▸ **EXERCISE**: Drop every picture and copy exactly the lines from the one with "Stunning Antique Wood" through the last line of the listing below.

▸ **DATASET SECTION**:
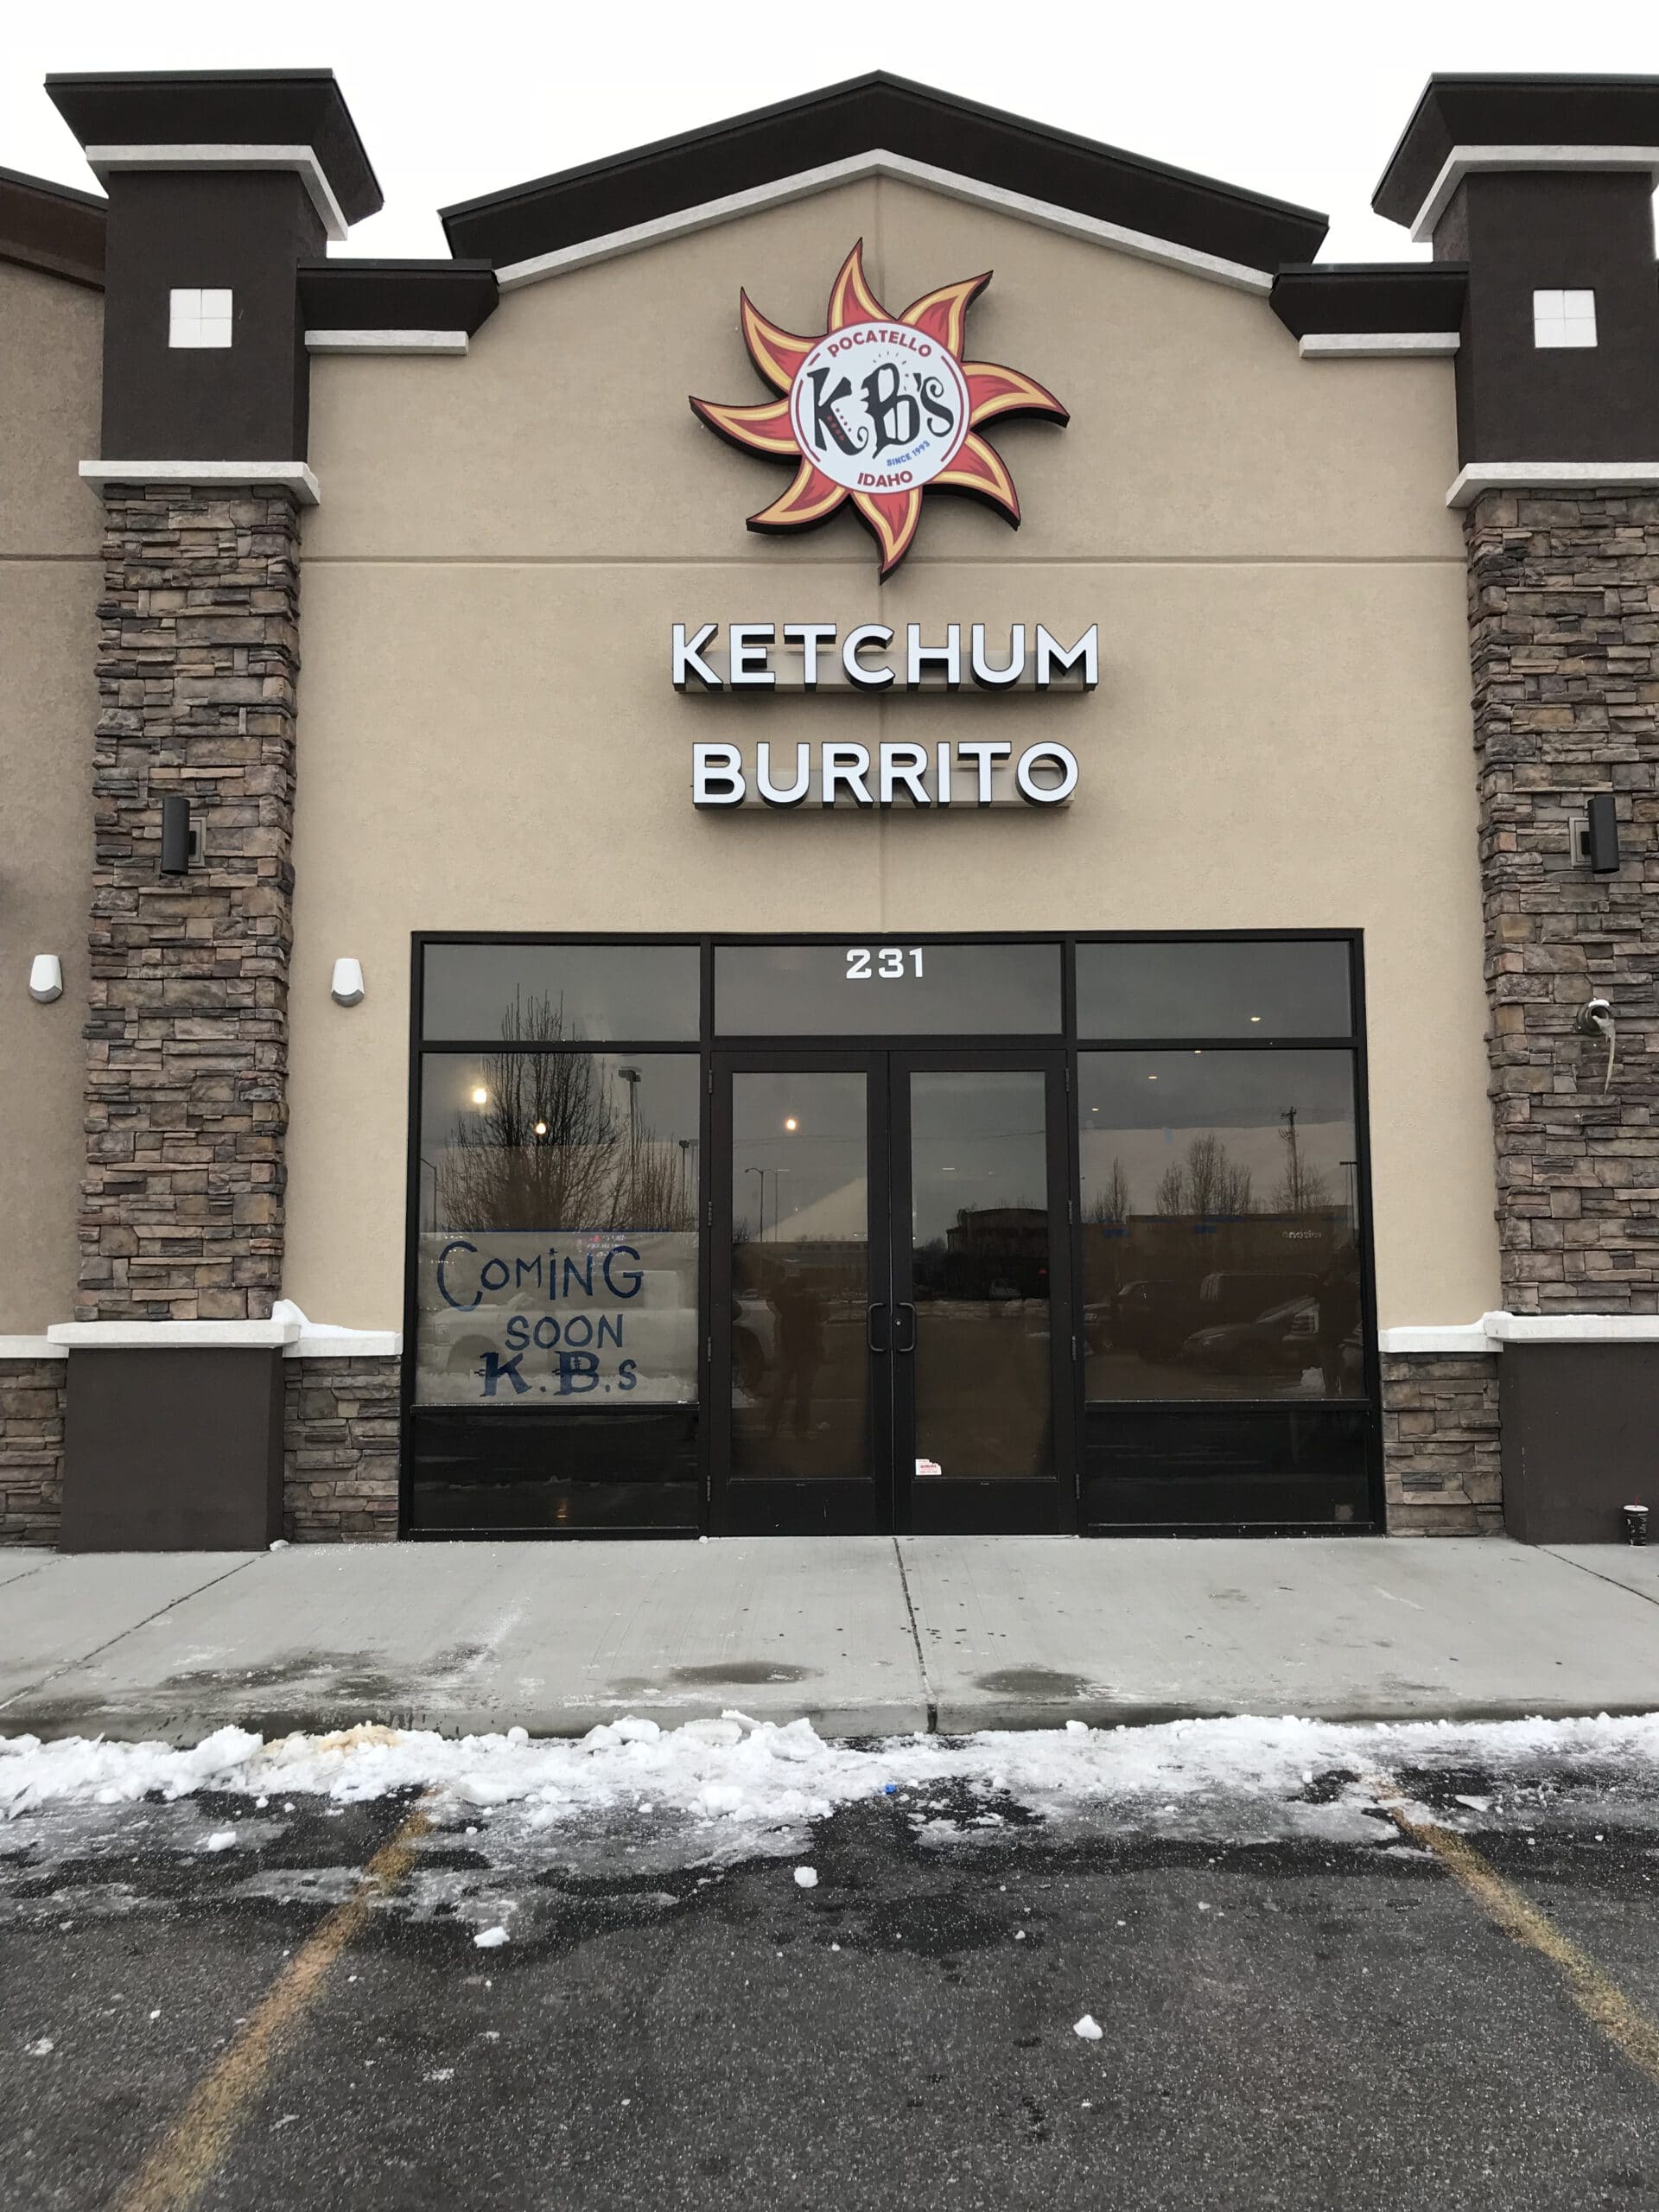 Ketchum Burrito Channel Letter Sign
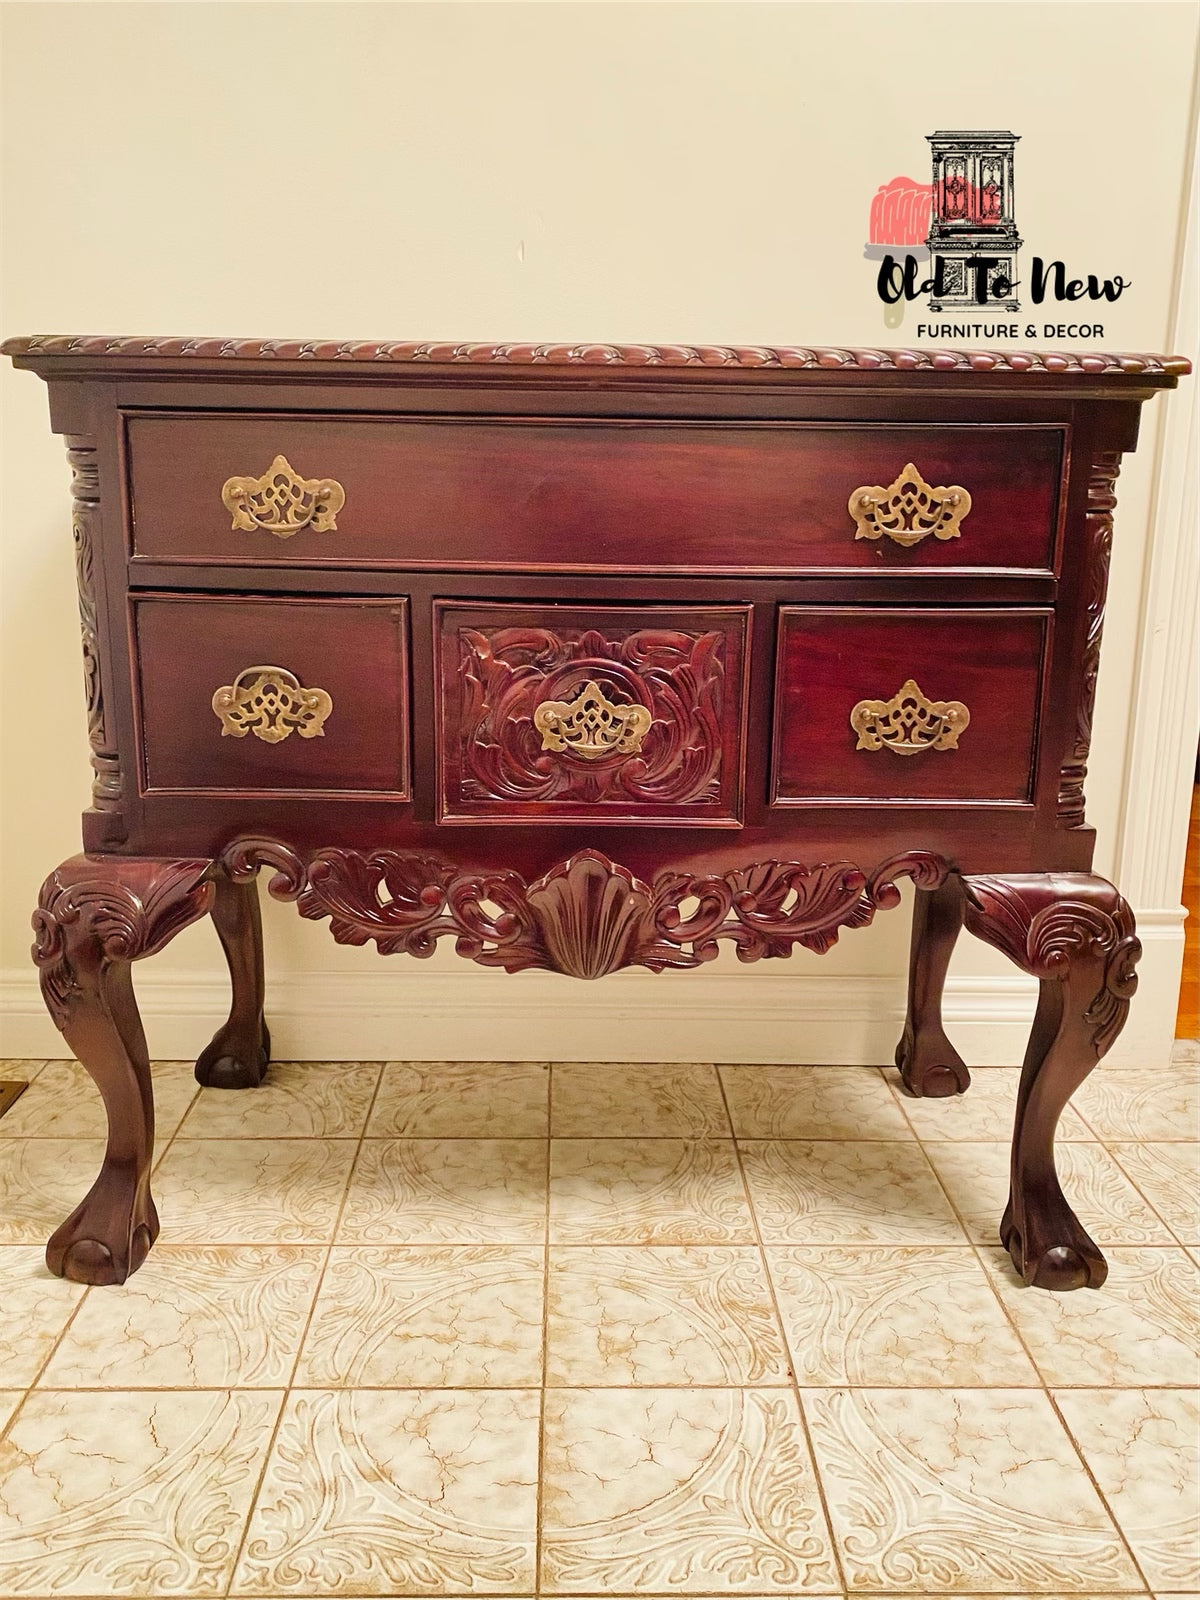 Stunning Antique Wood Furniture Available for Purchase; Choose Paint Color and Customize This Compact Sideboard Entryway Storage Unit.
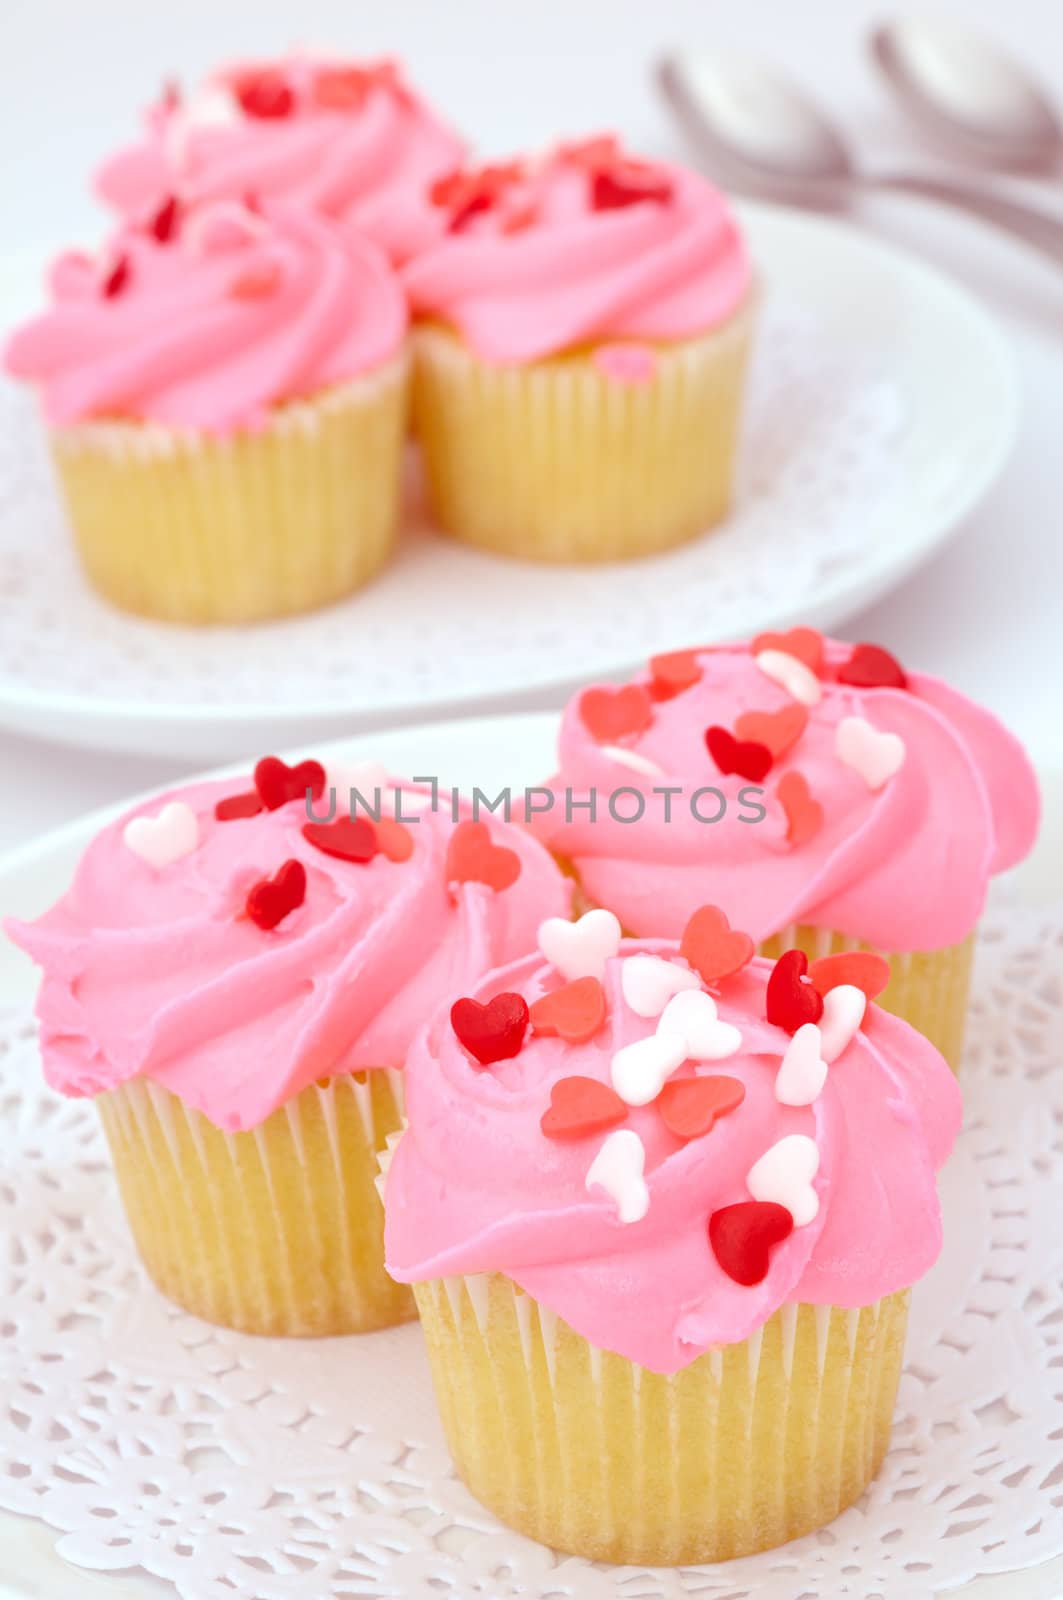 Small pink cupcakes decorated with heart candies

▸ **WORKED SOLUTION**:
 Stunning Antique Wood Furniture Available for Purchase; Choose Paint Color and Customize This Compact Sideboard Entryway Storage Unit.
 Small pink cupcakes decorated with heart candies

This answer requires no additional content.